The algorithm in Aries requires that four numbers corresponding to the partial sums of bitplanes be added in one cycle. This operation can be summarized as: (6.1)

The multiplication with a power of two represents a shift-left operation. Symbolically this can be expressed like in Figure 6.1.  Figure 6.1: Symbolical representation of the shift-add operation used in Aries.

As no general building blocks for the addition of four binary numbers exist readily, this operation must be broken down into a simpler form so that it can be calculated with the basic CMOS building blocks. For the addition of more than two binary numbers (multi operarand addition), two different structures are commonly used :  Figure 6.2 shows the basic structure of a multi operand adder array which is constructed with carry propagate adders. This is called carry propagate because the carry from each adder is propagated directly to its neighbour.

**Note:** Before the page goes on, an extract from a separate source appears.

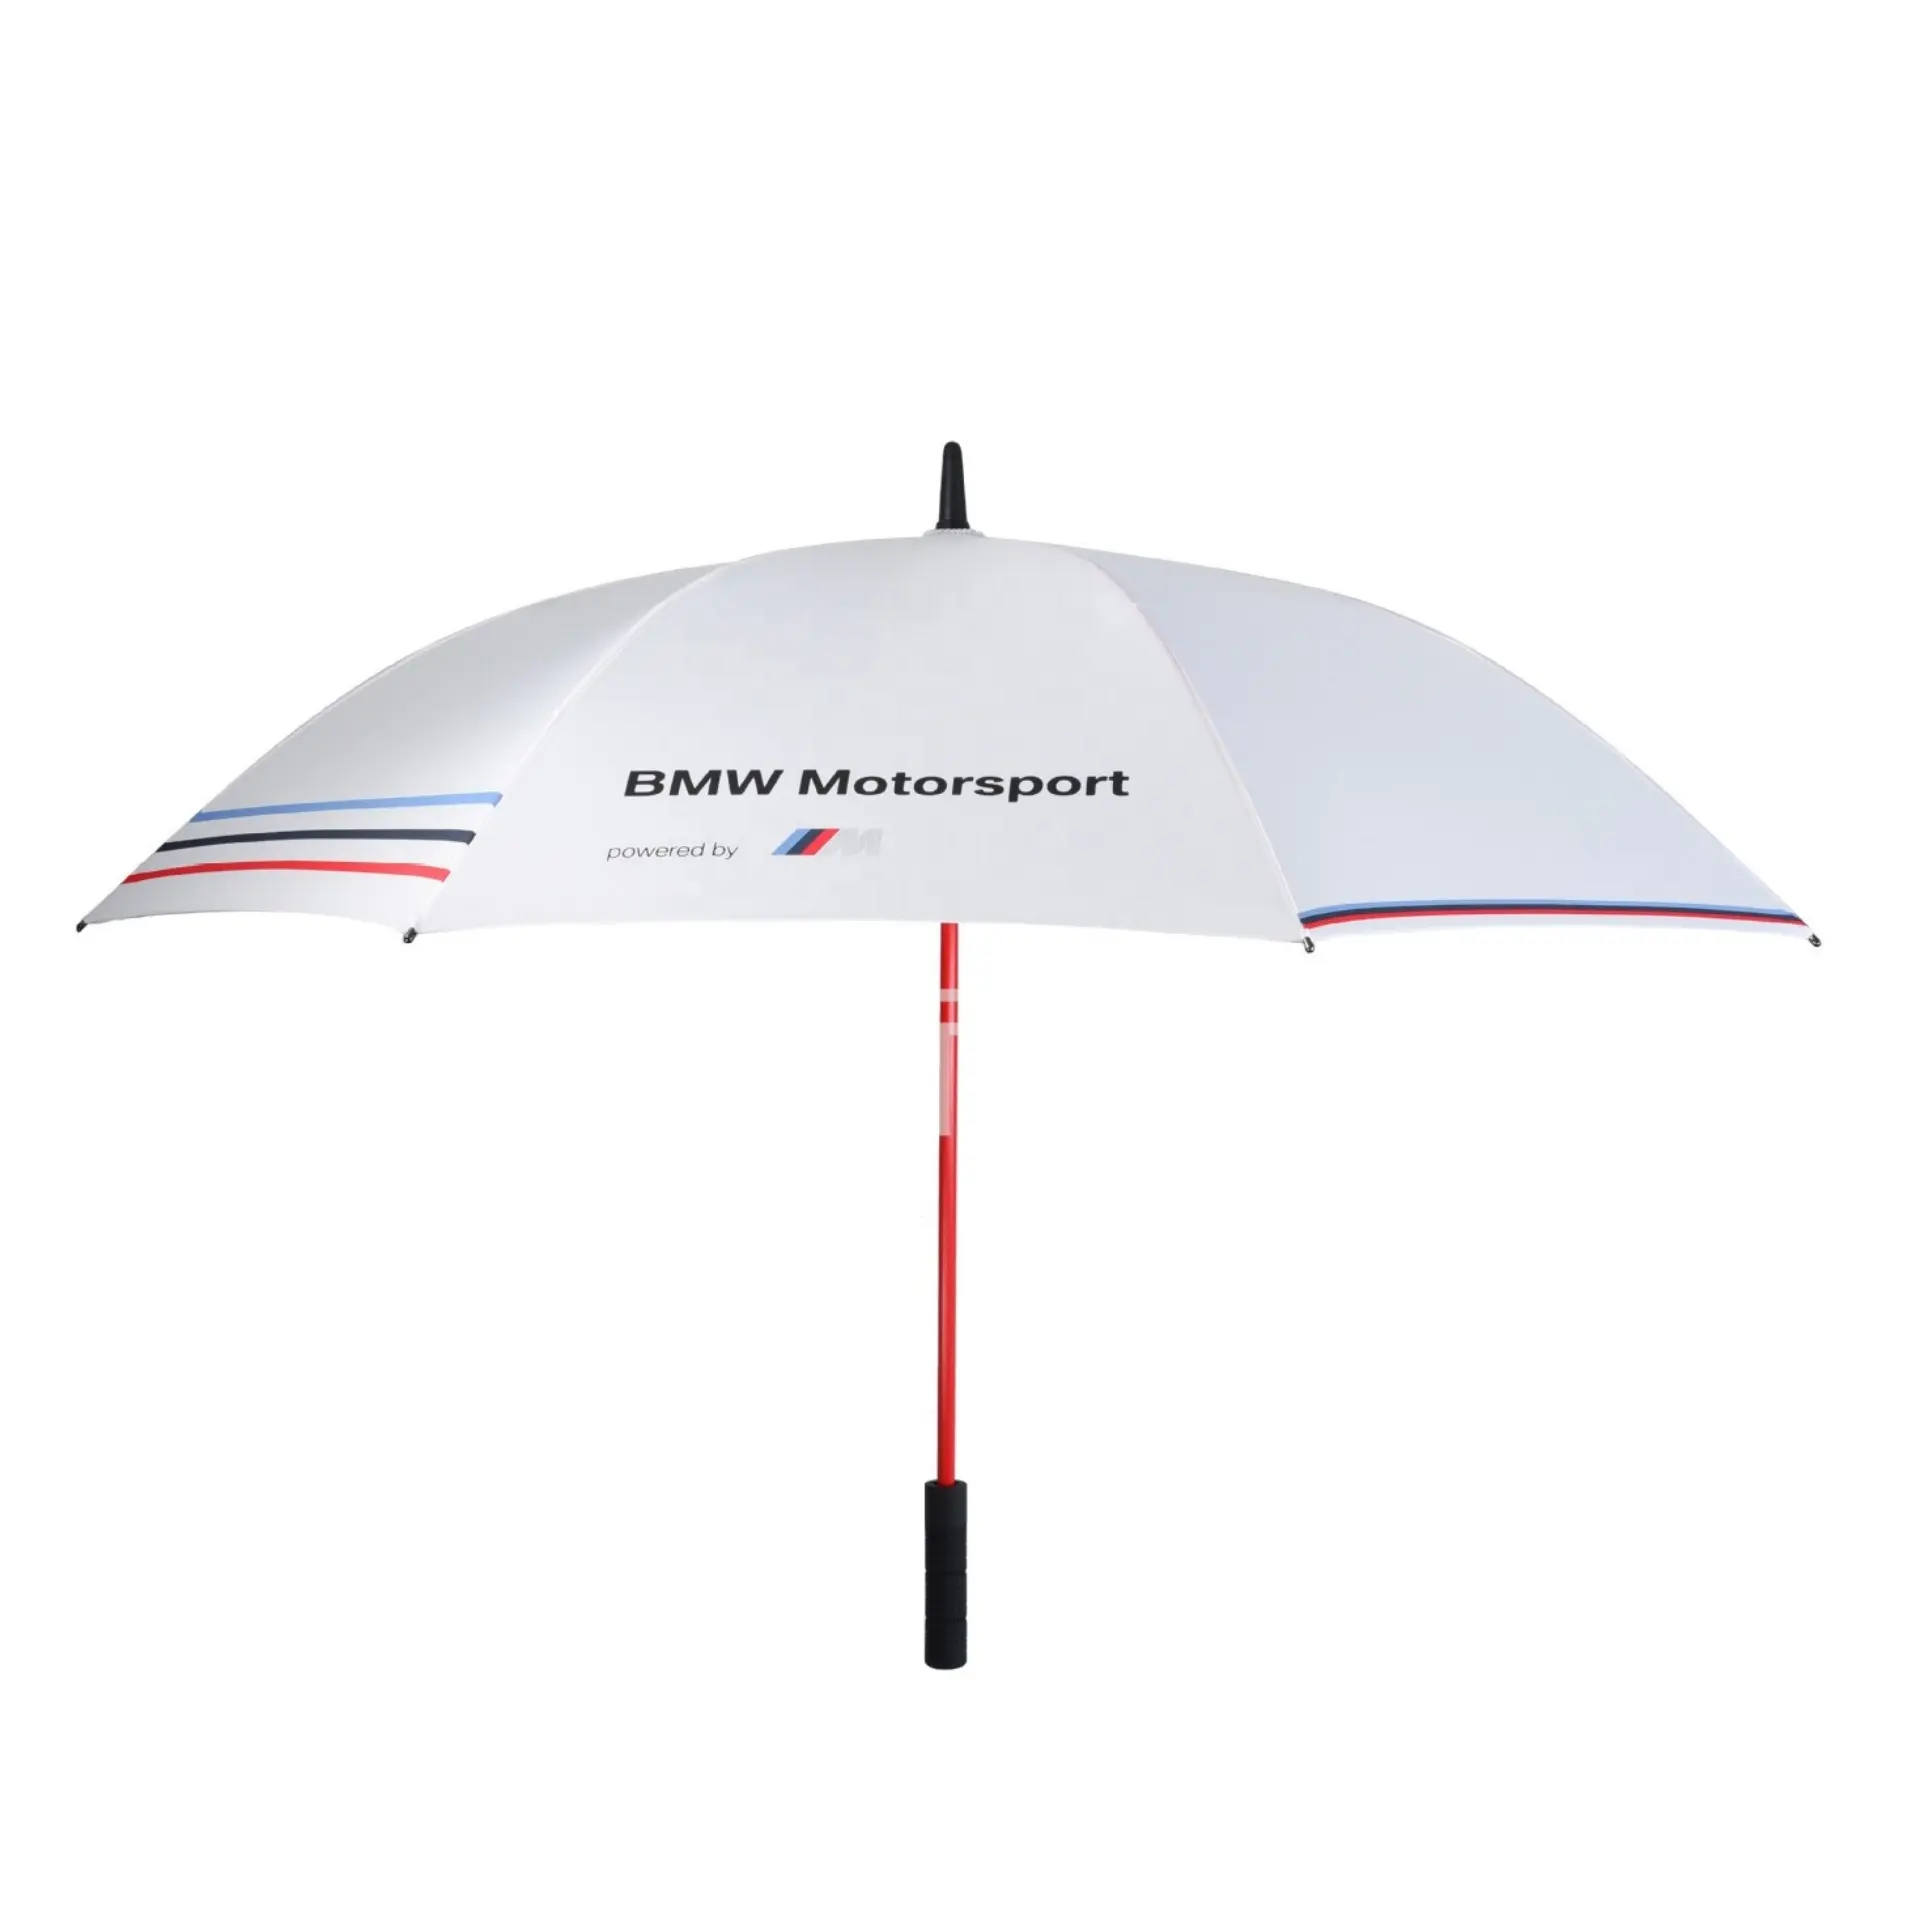 مظلة جولف مظلة واحدة أو بيع بالجملة شبه آلية مزدوجة الاستخدام مظلة جولف للأعمال

Only the sums of the adders within a row are passed to the next stage. The carries of all stages are evaluated with additional adders. The main disadvantage of this is the heavily serial nature of the operation. A worst case vector may cause the final result to be delayed more than m*n adder delays in an m x n adder array. A detailed analysis of the carry-ripple effect that causes this problem will be given in Section 6.1.2.

The carry output bit of a FA is by one order more significant than the sum output bit of the same adder. This is the reason why the carry is propagated in the carry propagate structure. It can be done differently though: In the carry save structure, the carry is saved, it is passed diagonally of the adder that is left to the adder that gets the sum output. This scheme is illustrated in Figure 6.3.  Notice that the last stage in the figure is in fact another carry propagate adder. The carries are saved until the last operation, which leaves two vectors; one consisting of the sum and the other of the carries of the previous operations. Needless to say, these two numbers have to be added. If the simple carry propagate adder is used as the last step the worst case delay will be m+n for an adder array of the dimensions m*n. This can even be enhanced if a faster adder is used as the final adder.  The most basic addition block that is used is the half adder. The half adder has only two 1-bit inputs, A and B, whose Sum can be calculated by a simple XOR operation. The Sum output is sufficient to express the sum of two 1-bit numbers for three out of four possible inputs. The sum of A=1 and B=1 can not be expressed by a single bit and a result with a higher significance than the Sum is required. This result is known as the Carry-out which states that an overflow has occurred.

The 1-bit FA is an enhanced half adder circuit having an additional Carry-in signal, which enables it to be cascaded with other adders and therefore is commonly used as a basic building block for generic adder arrays. The truth table of the FA is given in Table 6.1. (The truth table of the half adder corresponds to the first four entries in the truth table where Carry-in=0)

Table 6.1:Truth table of 1-bit FA.


Carry-In  A  B    Carry-Out  Sum
0     0  0        0       0
0     0  1        0       1
0     1  0        0       1
0     1  1        1       0
1     0  0        0       1
1     0  1        1       0
1     1  0        1       0
1     1  1        1       1



As the FA is the most widely used structure in a wide range of computationally complex functions, a significant amount of research effort was made on the realization of efficient adder structures. A quick glance to the truth table clearly reveals a classical XOR behaviour. XOR type functions typically have difficult CMOS realizations. A number of different realizations of FA's have been published [4,21,22,23,24] A well known CMOS FA structure was chosen in Aries since this adder is one of the most compact, robust and fast FA alternatives. The detailed design of a high performance FA cell, based on this adder, will be discussed in Section 8.3.2. The schematic of the adder and the transistor dimensions are shown in Figure 6.4.  Figure 6.4: Circuit schematic of the CMOS FA.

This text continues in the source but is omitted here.